Major Finding: Between the 2000 introduction of PCV7 and 2008, children younger than age 5 years experienced a 78% decline in penicillin-nonsusceptible IPD under the old, pre-2008 break points, and a 64% decline under the new break points.
Data Source: Analysis of 7,272 cases of serious pneumococcal infections in U.S. children younger than age 5 years in 10 ABC areas in 1998–2008.
Disclosures: Dr. Hampton reported that he had no conflicts of interest.
ATLANTA — Introduction of the 7-valent pneumococcal conjugate vaccine led to a major decline in penicillin-nonsusceptible invasive pneumococcal disease among children younger than age 5 years, according to research from the Centers for Disease Control and Prevention and other public health groups.

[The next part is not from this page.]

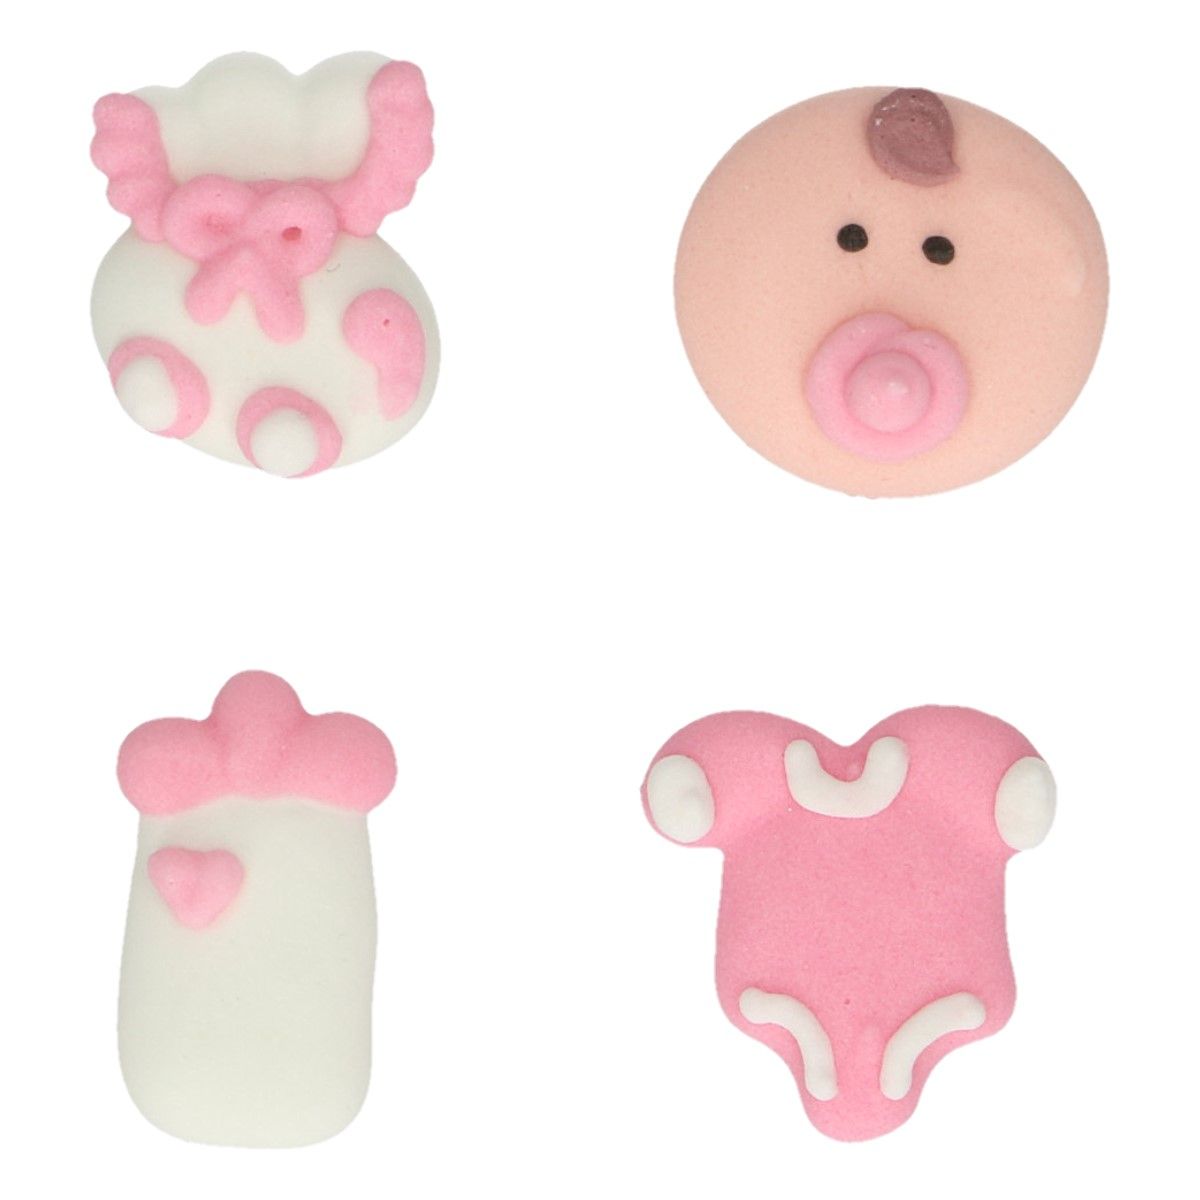 Ätbar dekoration till babyshower i form av rosa bebisar

These findings were consistent regardless of which definition of susceptibility was used, which illustrates how changing case definitions can affect measured vaccine effects, reported Dr. Lee Hampton of the CDC's Epidemic Intelligence Service.

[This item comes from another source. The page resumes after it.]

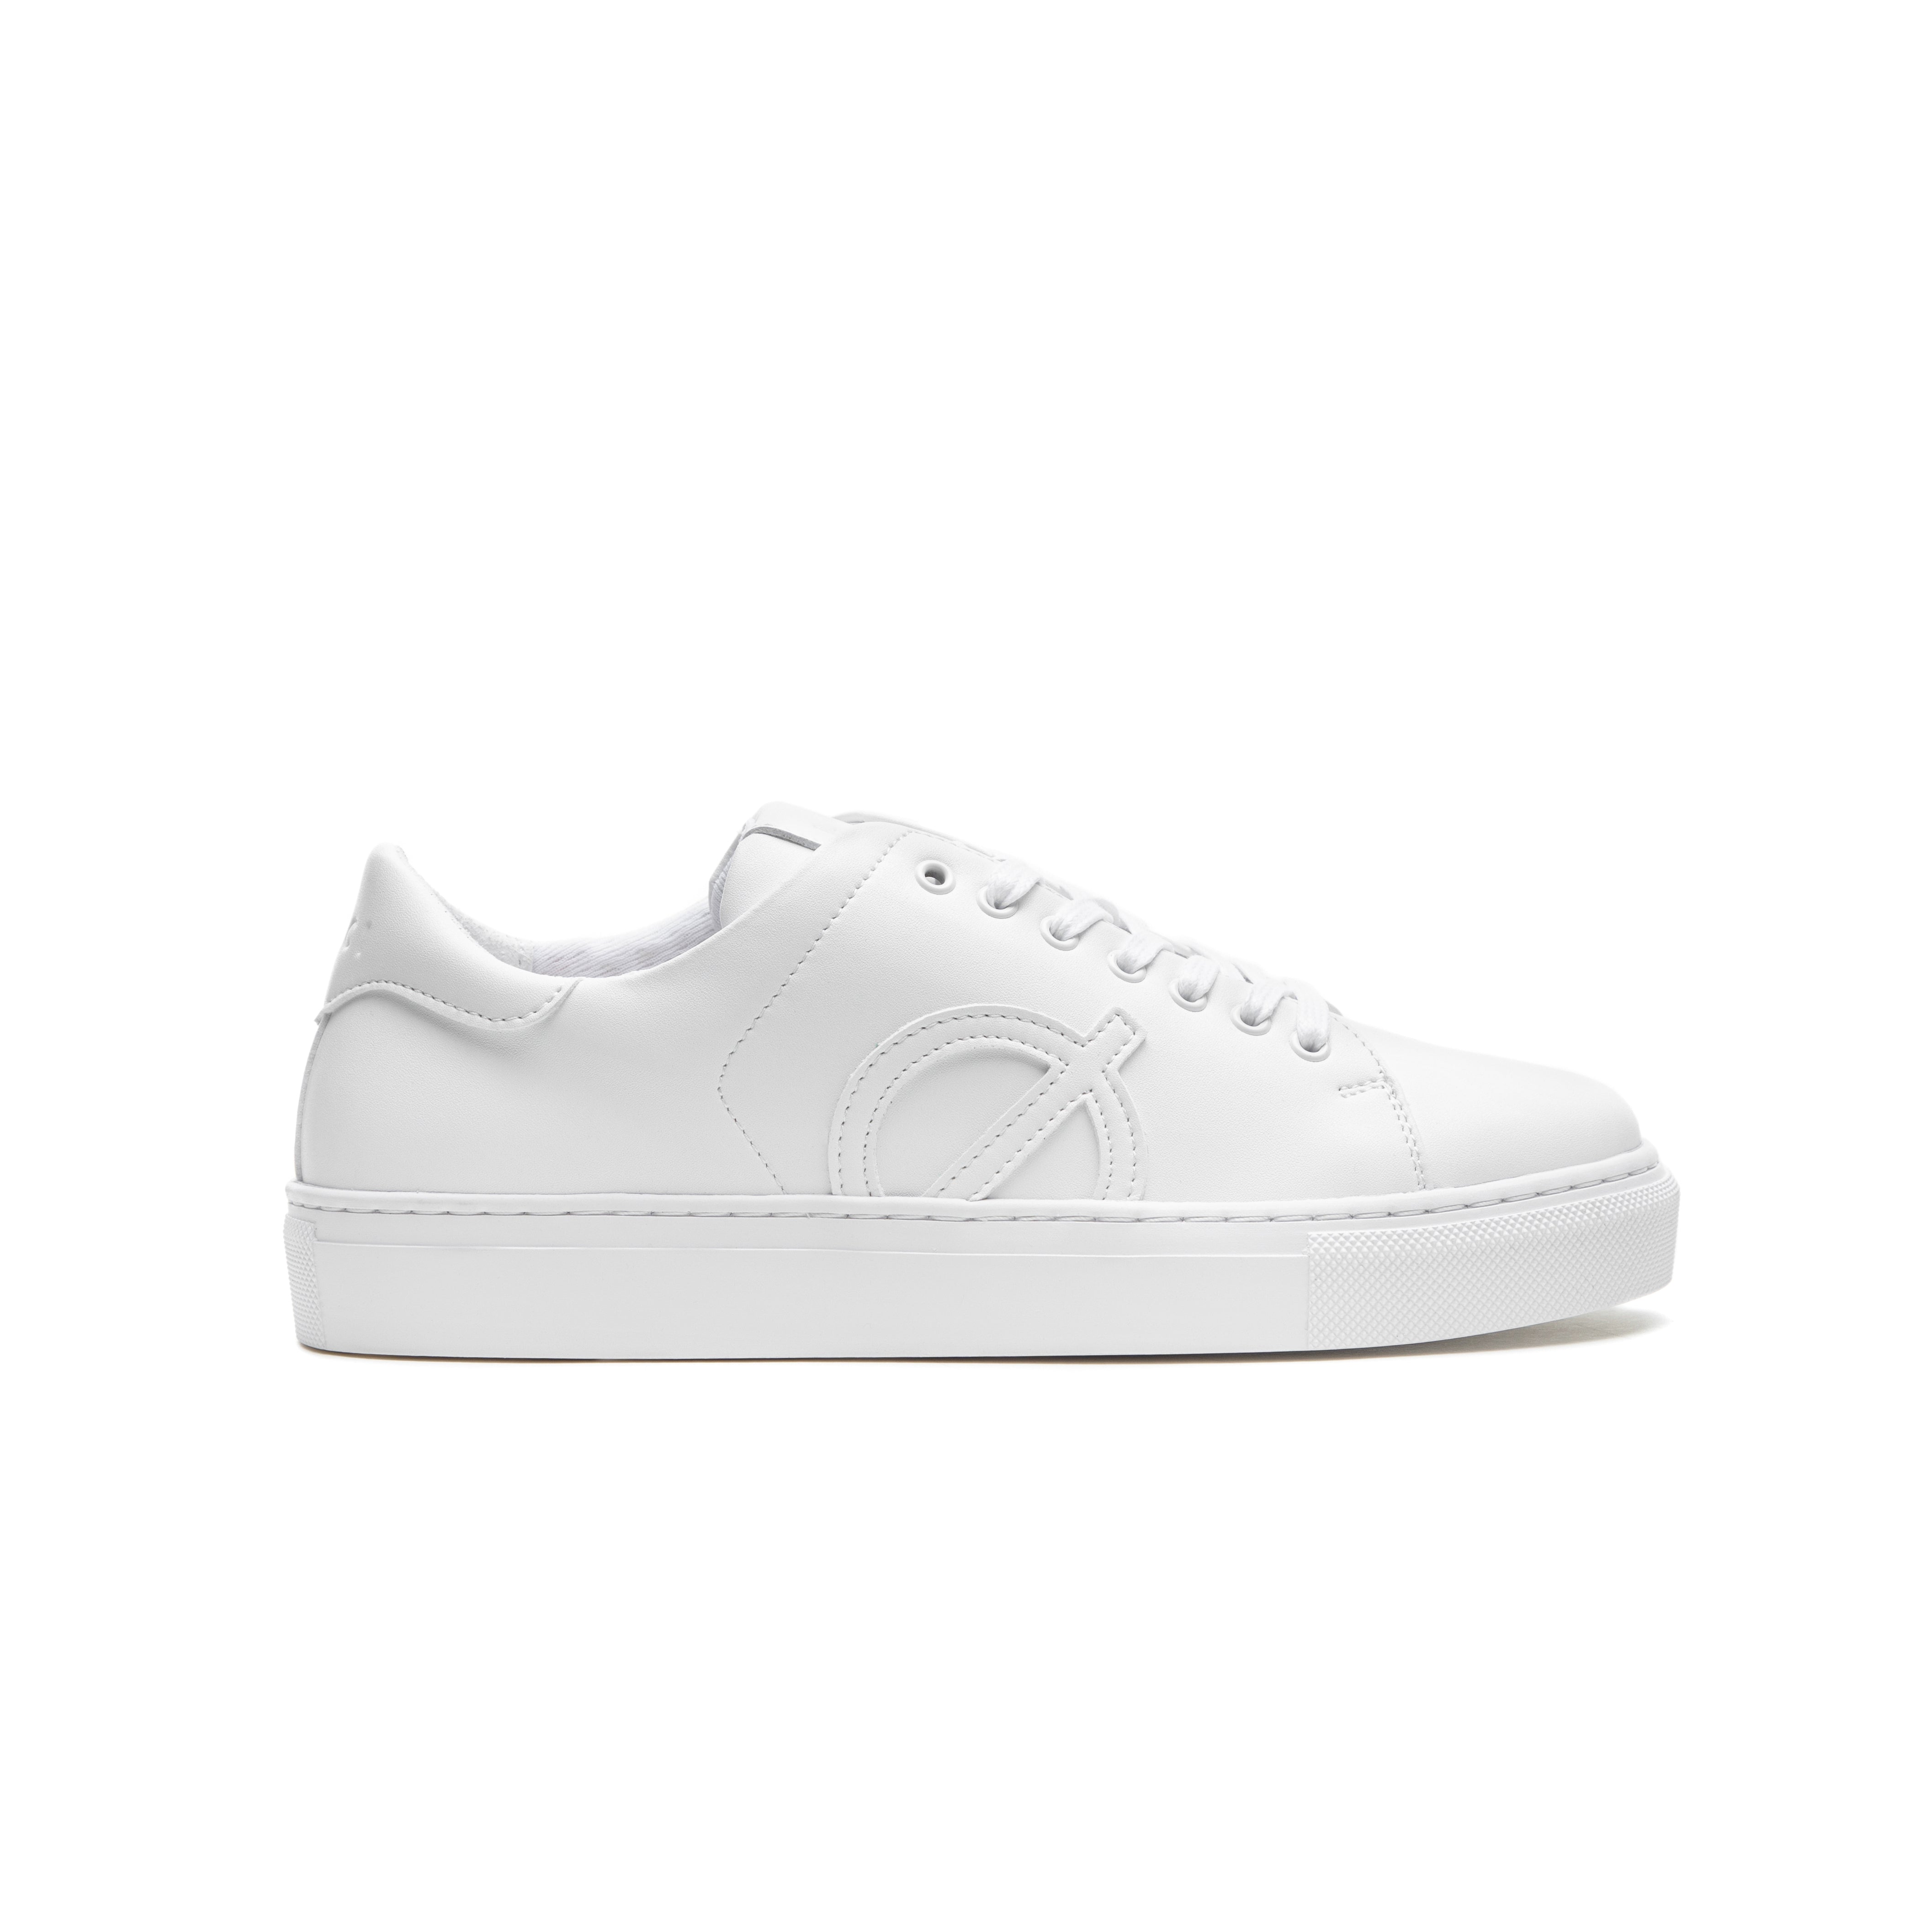 Loci Origin Sneaker White/White 3

Using the ABC (Active Bacterial Core) surveillance system, Dr. Hampton and his colleagues analyzed 7,272 cases of serious pneumococcal infections in children younger than age 5 years in 10 ABC areas throughout the United States in 1998–2008. Isolates were classified as susceptible or nonsusceptible; “nonsusceptibles” were further classified as intermediate or resistant based on both the old and new CLSI (Clinical and Laboratory Standards Institute) standards. CLSI issued new intravenous penicillin resistance break point standards in 2008.

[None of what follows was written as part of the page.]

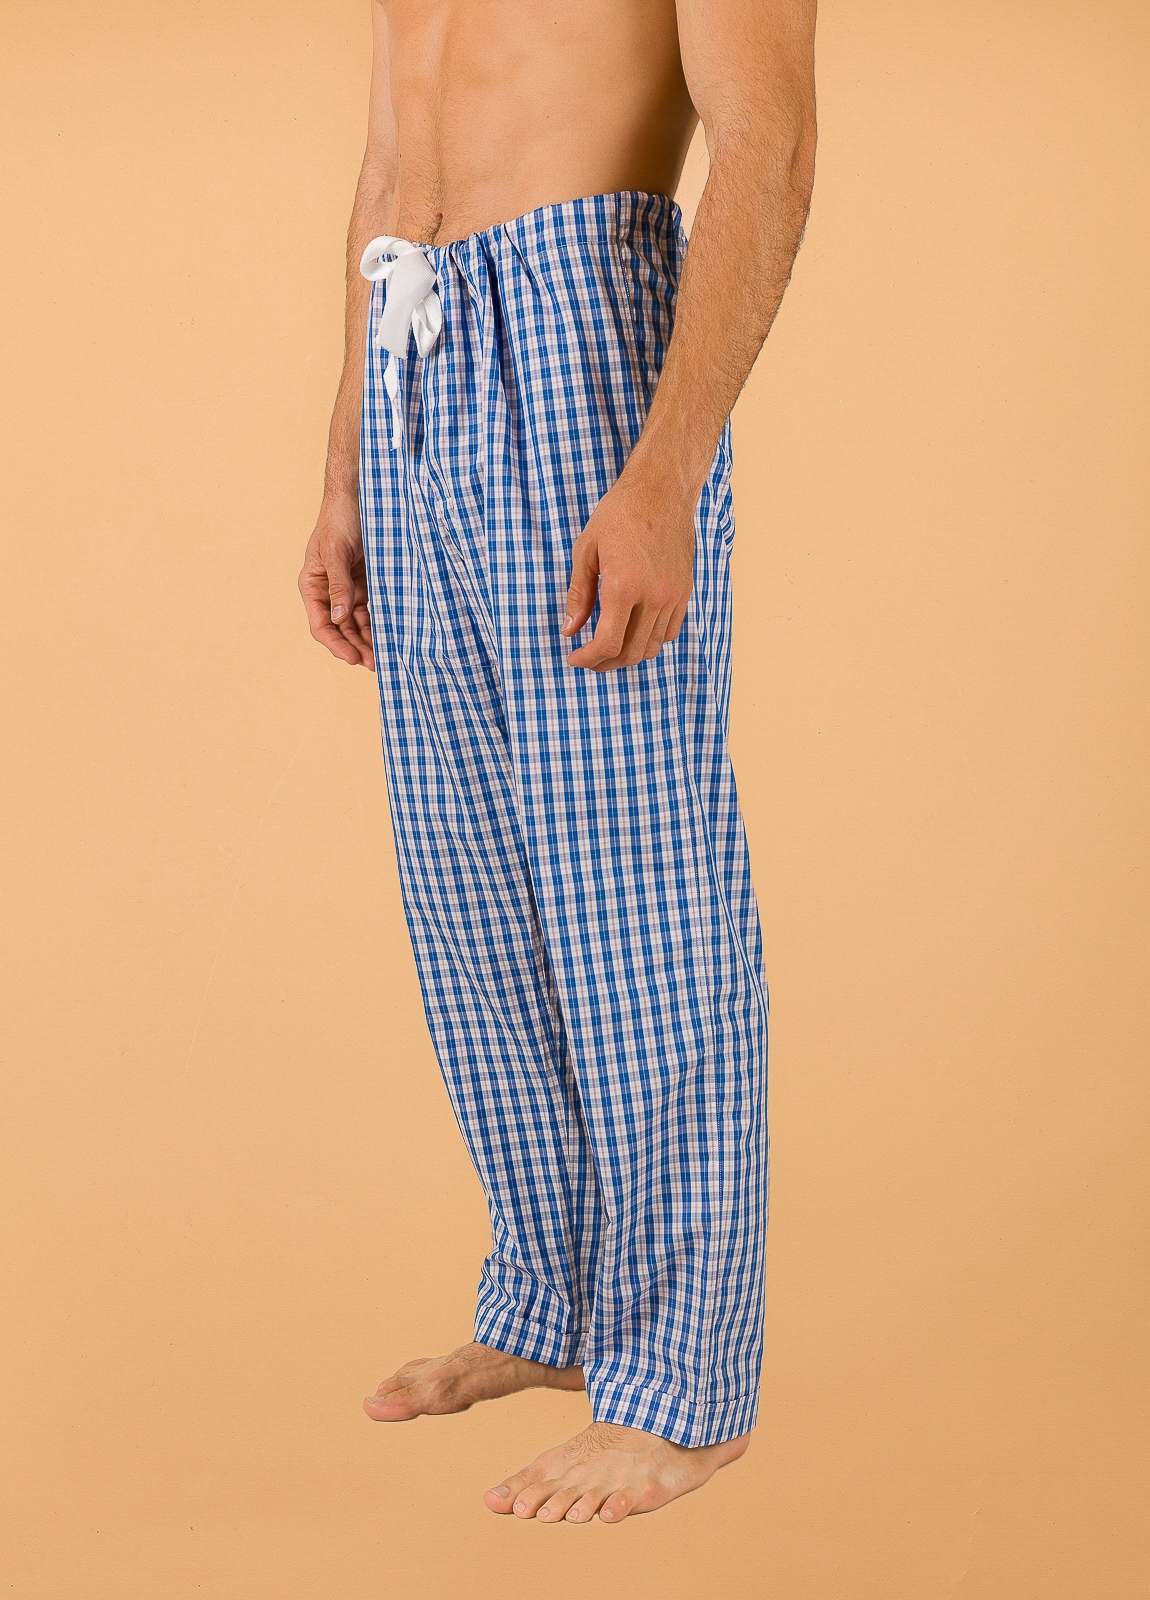 Pantalón largo de Pijama FUREST COLECCIÓN cuadros azul con funda incluida - Ítem3

Among cases of all types of IPD in children younger than age 5 years, 10% had intermediate susceptibility and 4% were fully resistant under the new break points. Under the old break points, 14% had intermediate susceptibility and 20% had full resistance, the researchers noted.
Between the 2000 introduction of the 7-valent pneumococcal conjugate vaccine (PCV7) and 2008, children younger than age 5 years experienced a 78% decline in penicillin-nonsusceptible IPD under the old, pre-2008 break points, and a 64% decline under the new break points.
Rates of penicillin-nonsusceptible IPD in 2008 were higher under the old break points (7.4 cases per 100,000 children) than under the new break points (4.4 cases per 100,000).
“The introduction of PCV7 was associated with dramatic reductions in penicillin-nonsusceptible invasive pneumococcal disease incidents,” regardless of which break point was used, Dr. Hampton said. Abruptly switching from the old to the new penicillin break points can create the appearance of a sudden drop in penicillin nonsusceptibility, he added.
Six additional serotypes found in PCV13, but not PCV7, now account for 97% of all penicillin-nonsusceptible IPD under the new break points and 83% of penicillin-nonsusceptible IPD under the old break points, he said. If PCV13 is effective against these additional serotypes, rates of penicillin-nonsusceptible IPD should decrease.
The findings may not be generalizable outside the ABC system, Dr. Hampton said.
He emphasized the results are preliminary, but that they have significant implications for clinicians. “PCV7 has done a terrific job of reducing penicillin-resistant pneumococcal disease, no matter how you look at it. But doctors still need to avoid prescribing antibiotics when they're not needed,” he said in an interview. “Clinicians should understand that more of their patients who need intravenous therapy for nonmeningitis pneumococcal disease can now be treated with penicillin. This is great, because penicillin works very well against susceptible pneumococci and promotes less antibiotic resistance than many alternatives.”